While some struggle to get out of bed on Canberra’s dark and cold winter mornings, Sergeant Chris Welch is cutting Lake Burley Griffin’s icy surface with his paddle.

CAPTIONAir Force Sergeant Chris Welch, (back right), with the senior B division team during training at Jervis Bay. Story by Corporal Jacob Joseph.

It’s what took the Australian Defence Force Academy military skills instructor from giving dragon boat racing a go at a Head Quarters Joint Operations Command sports day in 2015 to the world championships in August.

He was recently selected for the national dragon boat racing team Senior B 50-59 division, called the Auroras, set to compete in Thailand against the world’s best.

“China has the strongest team, they invented the sport,” Sergeant Welch said.

“The Canadians are also very good.”

He made the team after being selected at a camp in Canberra earlier this year, where about 70 Aurora hopefuls were put through their paces.

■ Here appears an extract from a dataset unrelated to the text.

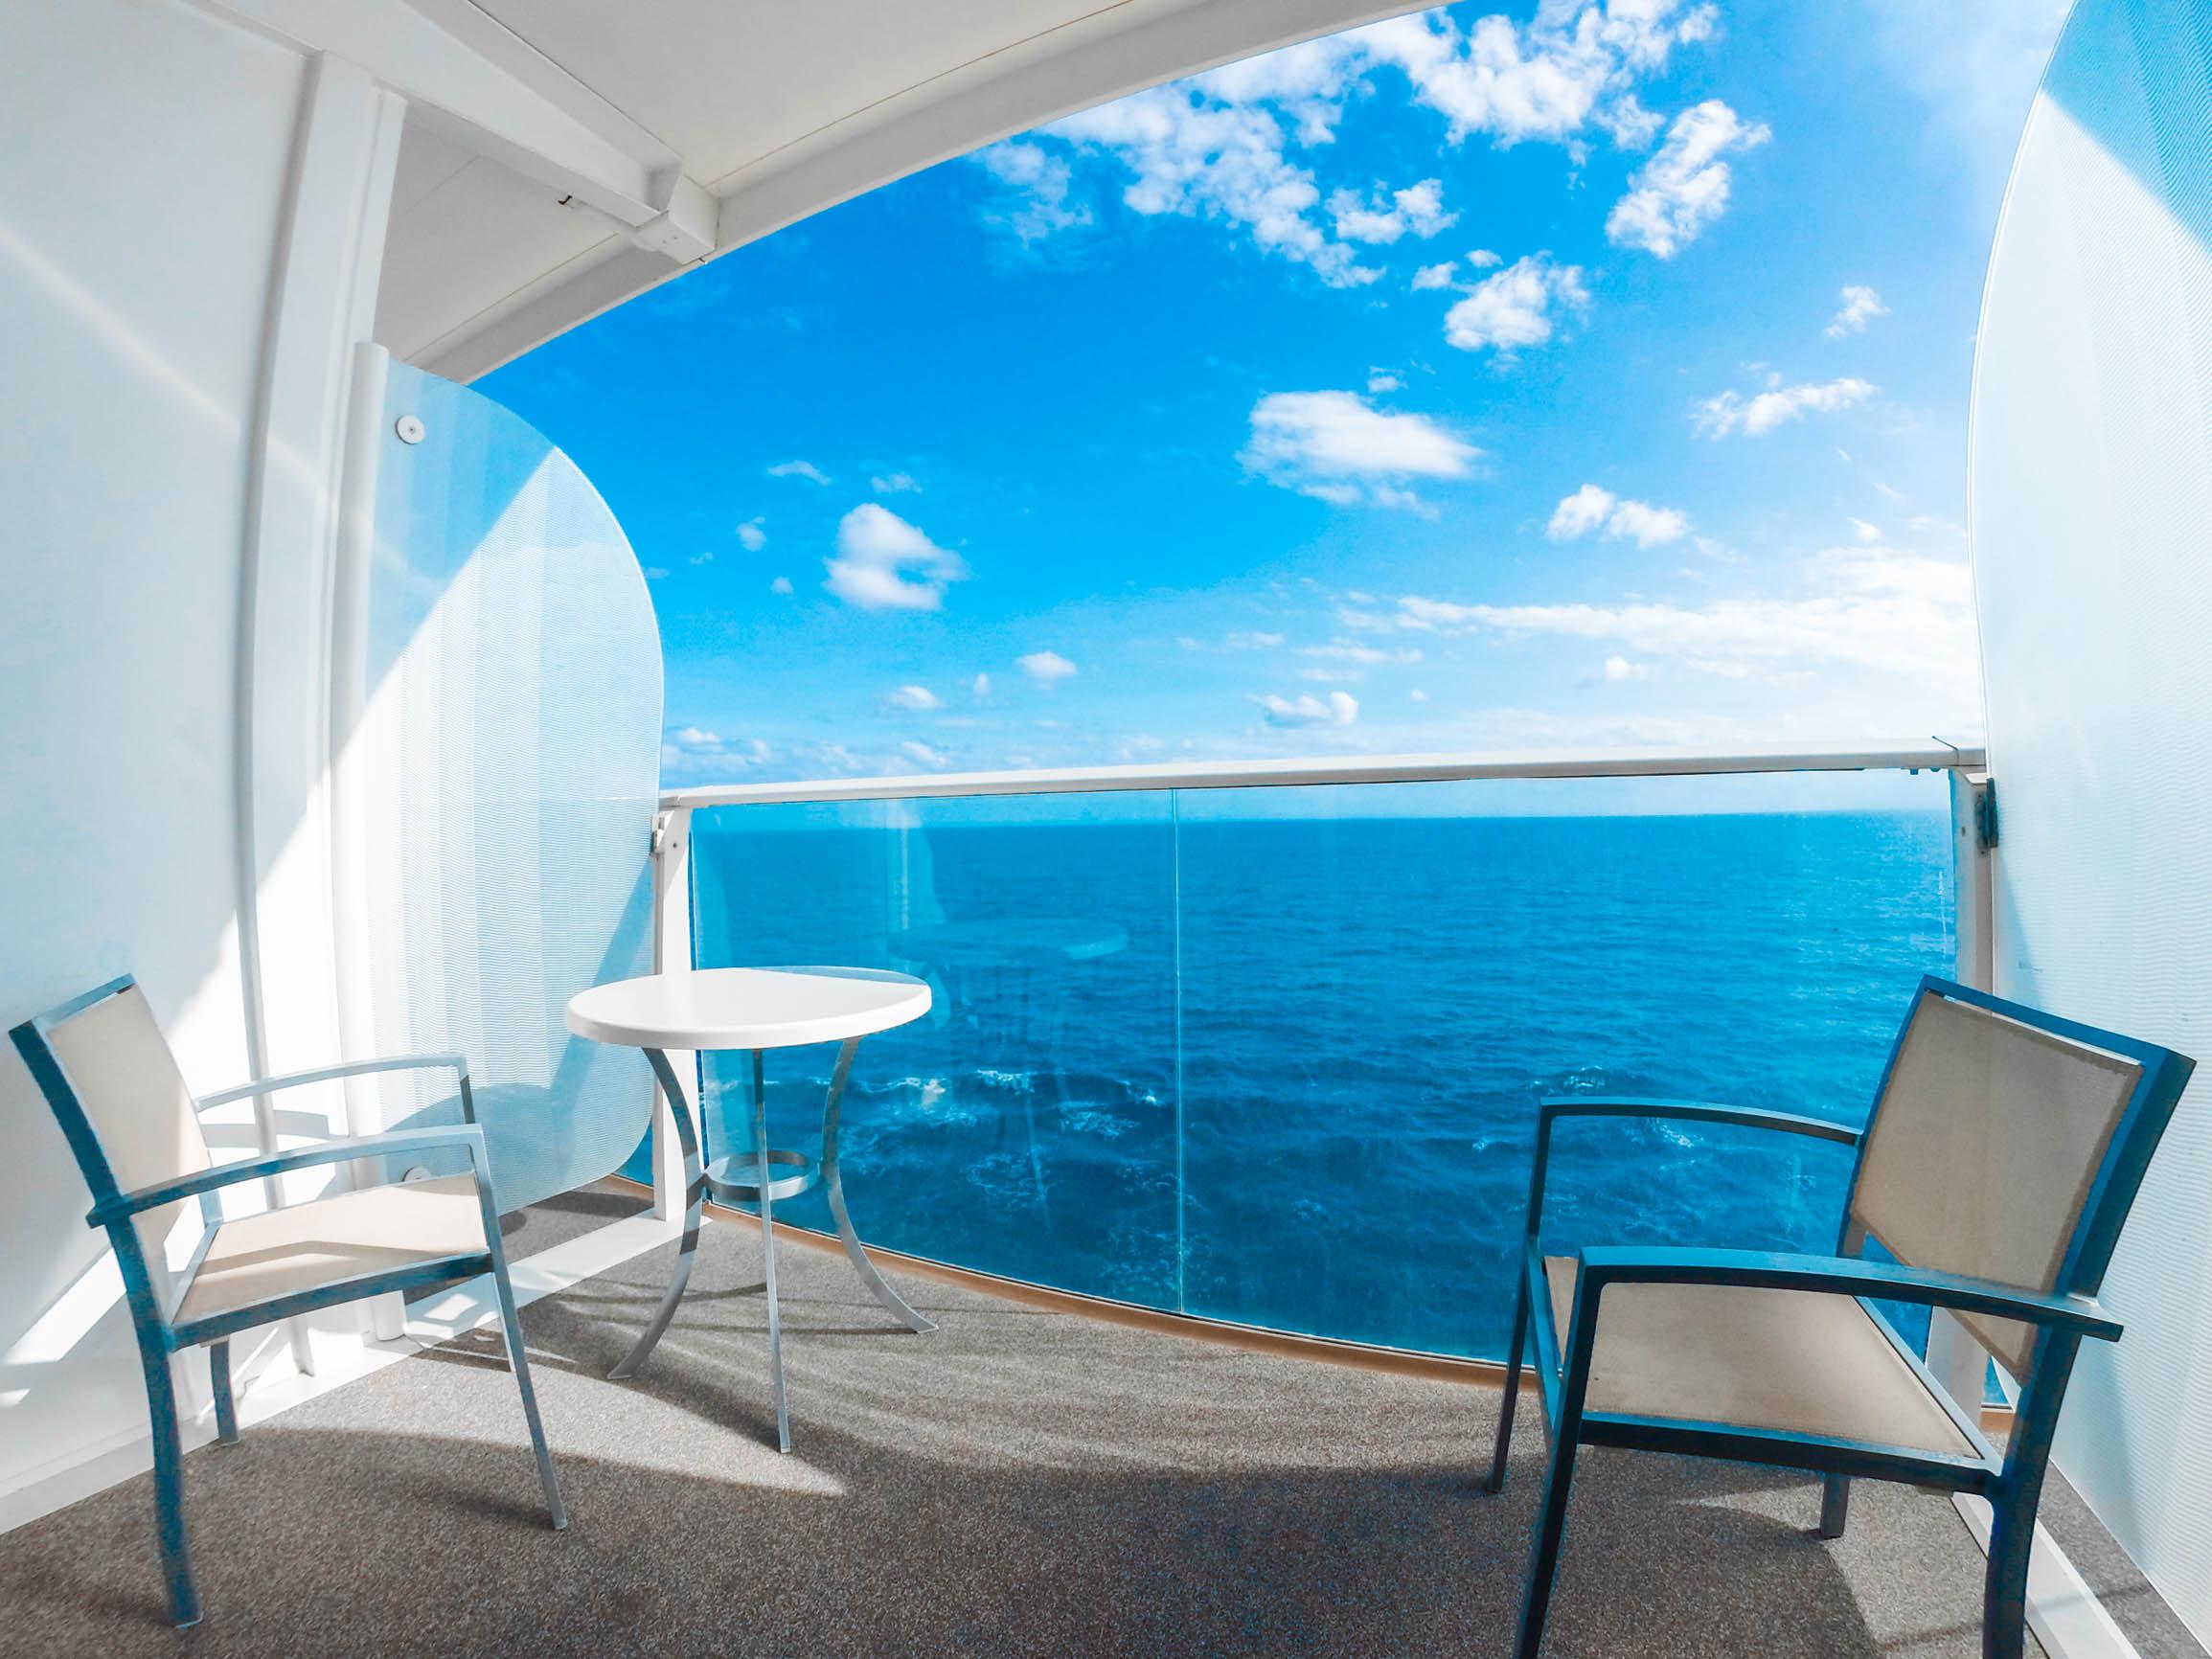 �'Ҽ��ձ����� Royal Caribbean Cruise �������� Oasis Of The Seas ���к�+����15����Ⱥ����������� 2019��8��6�ձ������� �������ǵǴ� ���߱��:7719080611

Selection involved a series of physical tests, including max chin-ups, straight-arm plank, 500m rowing ergometer test (erg) and a dragon boat solo paddle, followed by a selection board assessment about how a person paddles in a crew.

Each boat has 20 paddlers, a sweep who steers and a drummer to keep pace.

The paddlers work as a unit but each person has their own role.

Although he describes himself as an endurance paddler, Sergeant Welch expected to be selected for the sprint section of the boat – those up the back who accelerate the boat quickly.

The engine rowers are typically the strongest athletes and sit in the middle; the widest and heaviest area.

Pacers lead from the front.

It was the mixture of teamwork and physicality that attracted him to the sport.

“It was difficult, but it was also a lot of fun,” Sergeant Welch said.

“Working as a team to get the boat to run properly and to beat the other boats appealed to my competitive side.”

Races have two categories: open, which is typically made up of men, and mixed, with 10 men and 10 women paddlers.

Dating back more than 2000 years, dragon boat racing is one of the world’s oldest sports.

It’s also one of the only sports where mixed-gender teams compete at the highest level.

The Auroras have their final training camp in Brisbane in July, where the starting 20 paddlers will be put through their final preparations and fitness testing.